ECM turnover is controlled by the complex balance in levels and activity of MMPs and TIMPs. During normal physiological remodeling, MMPs and TIMPs are in tight coordination to maintain optimal vessel wall composition, structure, and function. However, during injury, TIMP expression increases simultaneously with MMPs. Eventually, TIMP expression declines, and MMP remains elevated. Hcy is known to inactivate TIMP, therefore adding to enhanced MMP activity (14). There was an increase in TIMP-3 and -4 expression in WT+Hcy compared with control. This suggests an increased need to inhibit increasing levels of MMP-2. NO is also known to be involved in MMP inhibition (13).

Under pathological conditions, the inhibitory MMP-TIMP-NO interaction is disrupted, and MMP expression and activity are reduced as TIMP expression is induced (9). The disruption in the MMP-TIMP-NO interaction is partly responsible for adverse ECM accumulation and remodeling in the vessel wall and can result in alterations in vascular function (Fig. 10). These data confirm our hypothesis that Hcy leads to increased MMP activity, decreased TIMP activity, and subsequent morphological alterations. Interestingly, these observations mediated by the differential need of eNOS and iNOS can be both protective and detrimental.

Fig. 10.

Hypothetical presentation of the conclusion. Hcy is generated from methionine. Hcy by autooxidation and by direct activation of MMP, apoptosis, and fibrosis cause elastin degradation and collagen accumulation. This leads to increased aortic wall stress, stiffness, and pulse wave velocity.

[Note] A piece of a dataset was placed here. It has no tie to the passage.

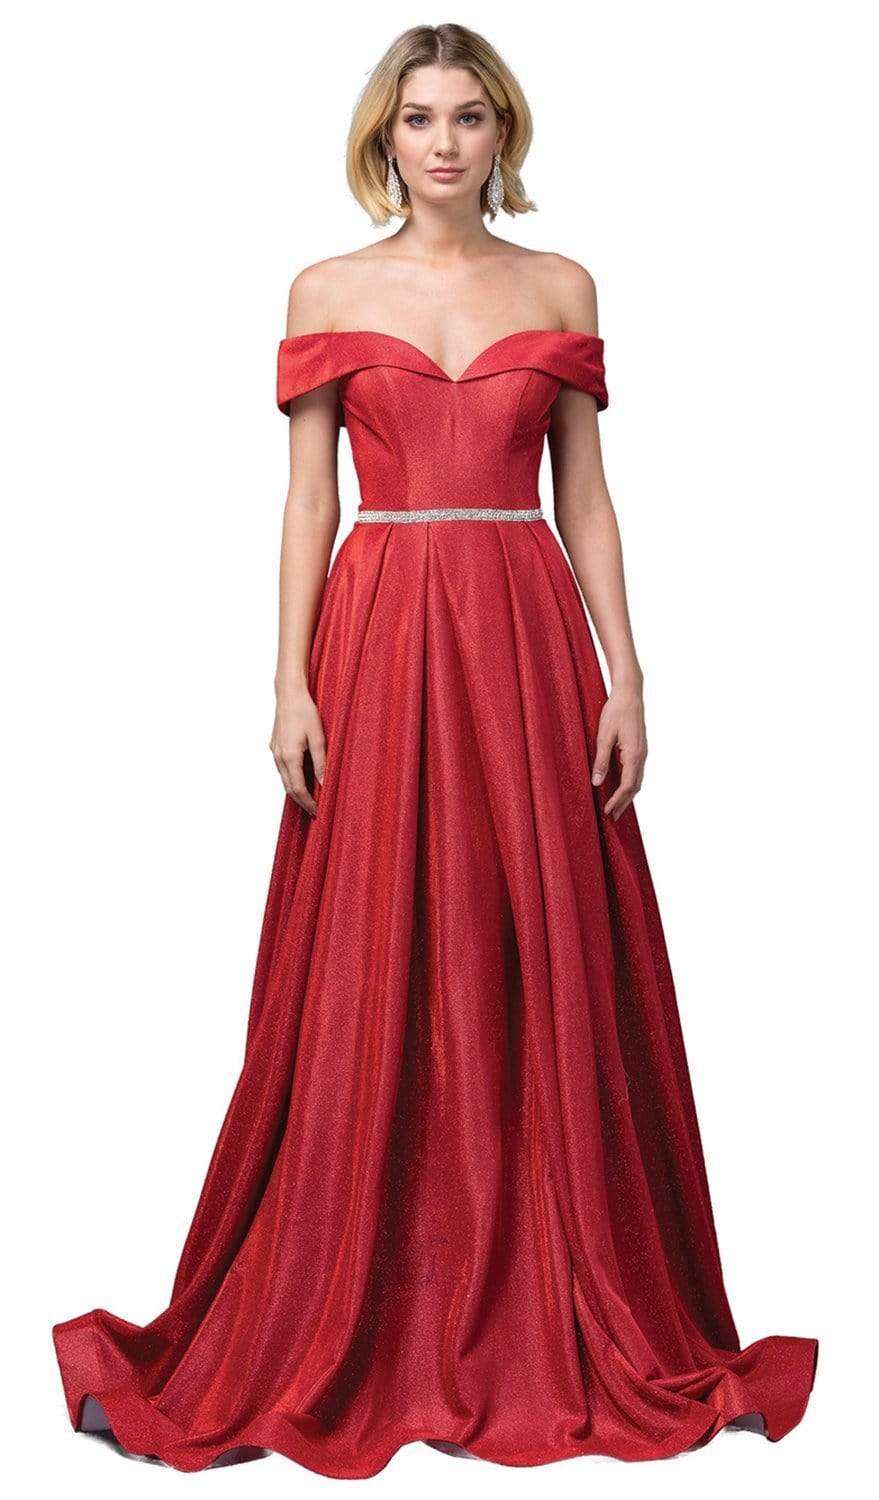 Dancing Queen - 2824 Iridescent Off Shoulder Gown with High Slit Evening Dresses XS / Red

To determine the implications of iNOS and eNOS in regulating the redox balance and remodeling, we measured ROS generation in control and Hcy-treated animals and found that ROS production was not significantly effected in either of the knockout animals. We also did not observe any significant change in protein nitrosylation or NOX4 induction between WT and knockout Hcy-treated animals. However, we observed changes in SOD1 and thioredoxin expression. Animal studies have demonstrated that HHcy induces remodeling (increased collagen and decreased elastin) of the ECM of the arterial wall by induction of MMPs by several mechanisms in addition to oxidative activation (22). Hcy-mediated redox changes may induce the accumulation of endothelial cells and SMC in the ECM (18). The O₂⁻ mediates the oxidation of those cysteine residues activating latent MMPs and TIMPs (14, 23). Hcy-generated O₂⁻ quenches the coordinated NO-generating ONOO⁻, which exposes the active site and increases the activity of MMPs (13). The Hcy generated ONOO⁻ nitrate tyrosine residues (nitrotyrosine) within MMPs, thus contributing to MMP activation (9).

Limitations.

Collagen is significantly increased in both knockouts following Hcy treatment. If iNOS is responsible for reducing collagen deposition, then the eNOS^−/− animals treated with Hcy should be more similar to WT but are not, as we show a significant increase in collagen deposition. Therefore, it appears that both NOS isoforms are important in regulating collagen deposition. In this case, it may be useful to look at the levels of iNOS in the eNOS^−/− animals both with and without Hcy treatment (and vice versa for the iNOS^−/−); this could reveal whether there was a compensatory increase in the other NOS isoforms in the knockouts. Also, as NO is an important regulator of TIMP activity and nitrosylation and is known to have vasoprotective functions, it is important to measure directly the NO content of the tissue and/or serum in these animals. This would be an important indicator of actual NOX activity and further have implications for TIMP activation/inactivation levels. These studies are in progress.

GRANTS

This work was supported in part by NIH Grants HL-71010 and NS-51568 and an NIH Supplement Award to M. M. Steed as part of a PhD thesis.

DISCLOSURES

No conflicts of interest, financial or otherwise, are declared by the author(s).